Толстяк долго еще рассказывал о том, что он тяжело болен, что у него плохое сердце и ужасное ожирение — он так толст, что не может нагнуться, чтобы завязать себе шнурки на ботинках. Что он не ходит пешком, а берет наемную карету. Что у портсмутских извозчиков есть поверье, что после него бывает удача, и поэтому они охотно возят его, иногда даже бесплатно.

Когда старший лейтенант и офицеры вышли из магазина, какой-то усатый, коренастый пожилой человек, с красным толстым носом, размахивая руками, стал подзывать проезжавшую мимо карету.

Он, видно, давно заметил, что в магазин вошли офицеры-иностранцы. Усач с большим терпением прохаживался по тротуару, надеясь оказать им какую-нибудь услугу. На удачу проезжала извозчичья карета.

— Два цента! — приподнимая шляпу, с любезной улыбкой сказал усач и протянул узловатую руку с перстнем и с грязной крахмальной манжетой.

— Вот нравы! — молвил Грот.

— Выпрашивают центы с таким видом, словно оказывают вам снисхождение.

— Портовые нравы! — добавил Гейсмар.

Проехали по главной улице города.

Халезов вспомнил, что большие часы в Адмиралтействе идут точней всякого хронометра, показывают год, месяц, фазы луны, восход и заход солнца. Неужели этот же мастер не мог бы сделать хронометр!..

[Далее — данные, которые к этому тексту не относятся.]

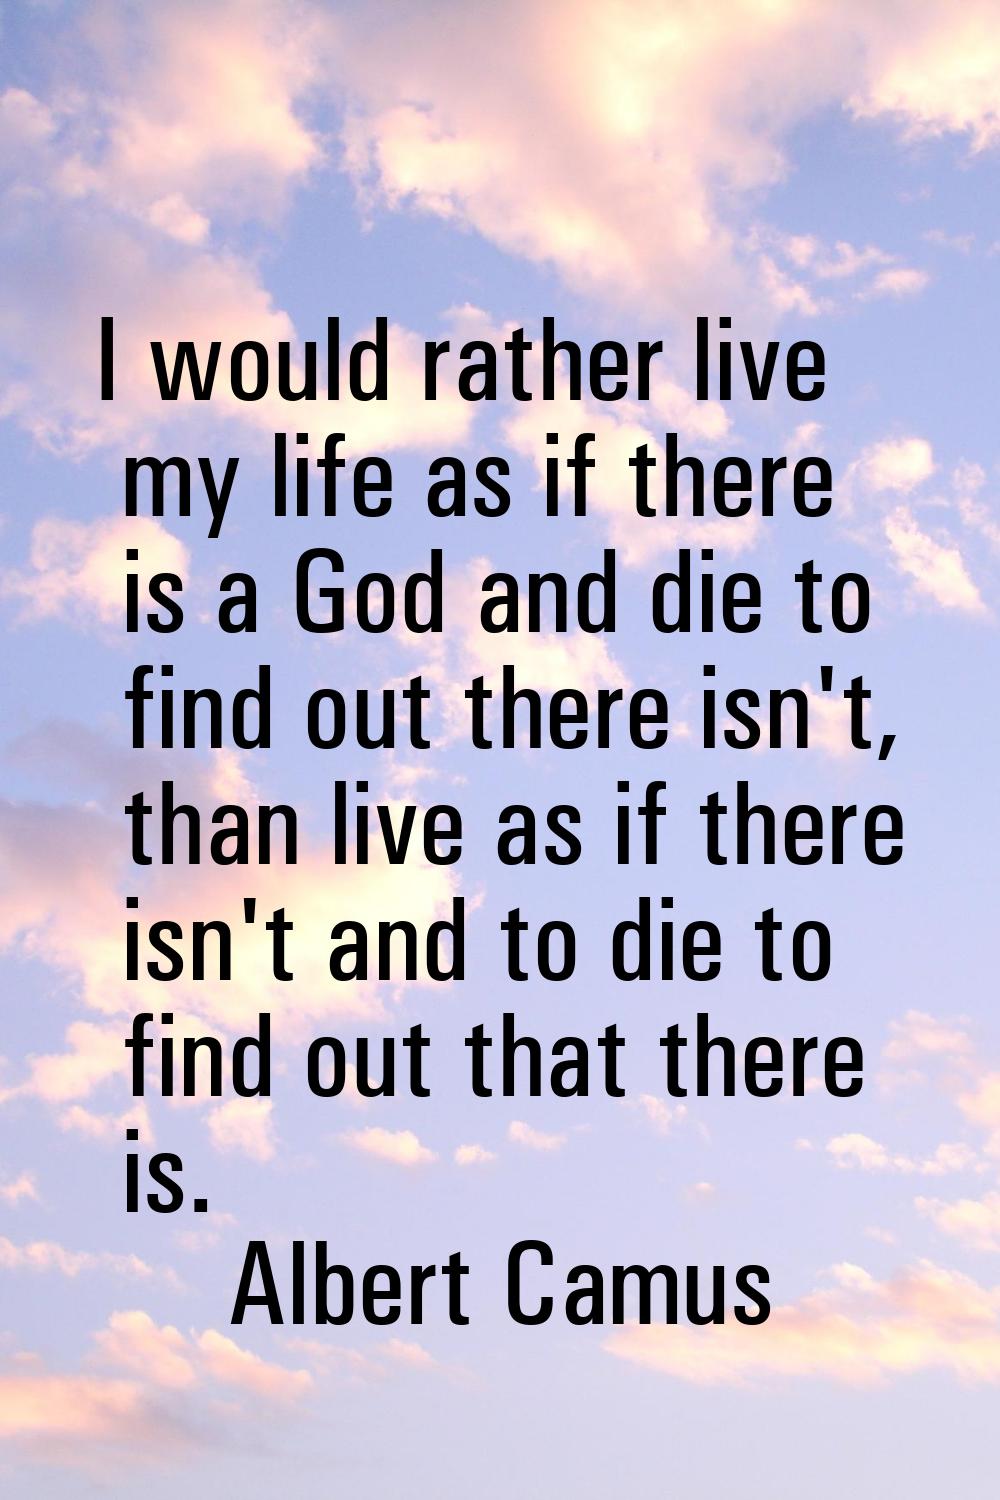 I would rather live my life as if there is a God and die to find out there isn't, than live as if t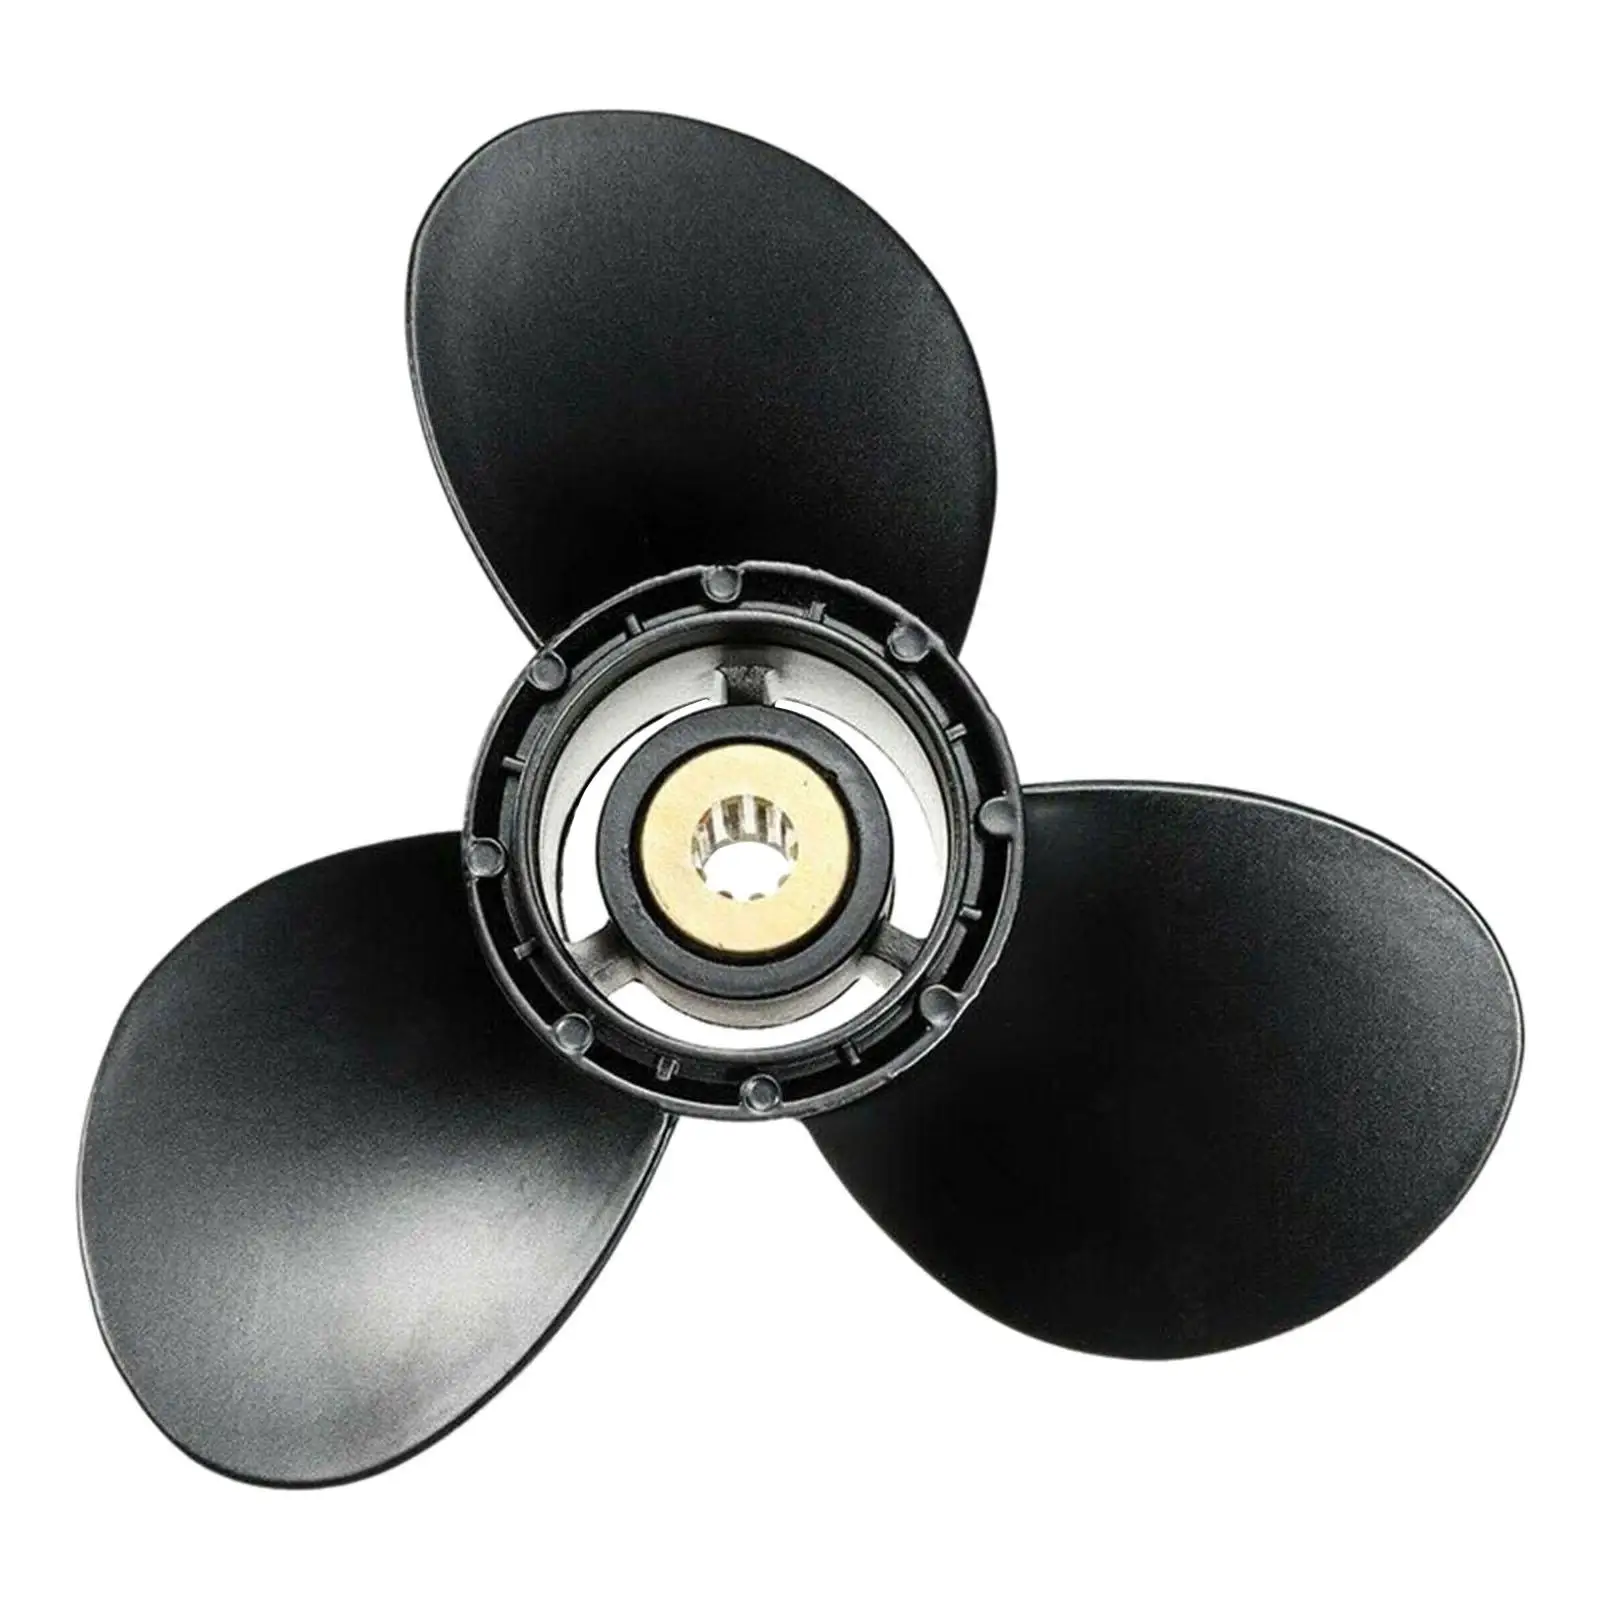 Outboard Propeller Assembly 58100-93723-019 3 Blade Prop for Suzuki Outboard DF8A DT9.9

День провели, делая покупки. Когда возвращались, шлюпка шла мимо тяжело груженного пузатого корабля. Черные борта его были до щербин избиты морскими волнами. Толпа глядела на выгрузку. Молодой высокий моряк с острыми и тонкими завитками волос, торчавшими из-под фуражки, но всей видимости первый помощник, кричал на грузчиков, пересыпая речь бранью.

— Груз из Китая, — заметил Гейсмар, — вон иероглифы на тюках. Видимо, шелка.

— Я видал, господа, корабль привез слона! — воскликнул Грот.

— Мы с мичманом тут все рассмотрели.

Казакевич продекламировал с чувством:

Все, чем для прихоти обильной Торгует Лондон щепетильный И по Балтическим волнам За лес и сало возит нам… [151]

— Верно, мичман?

— Совершенно верно, Петр Васильевич! — согласился Грот.

— Капитан видел джонку китайскую в Лондоне. Пришла из Китая, ее показывают за деньги. При переходе из Кантона верх ее был разобран и она шла под парусами, как пакетбот. Вот что спекуляция англичан вытащила из небесной империи. Берут по шиллингу за вход.

* * *

Матросы, пошатавшись день по городу и посмотрев разные зрелища и базарную торговлю, пошли обедать в таверну. К обеду брали вино. Потом пошли вторым переулком от главной улицы поглядеть на злачные места. Шли в толпе, когда кто-то сзади вдруг заговорил по-русски.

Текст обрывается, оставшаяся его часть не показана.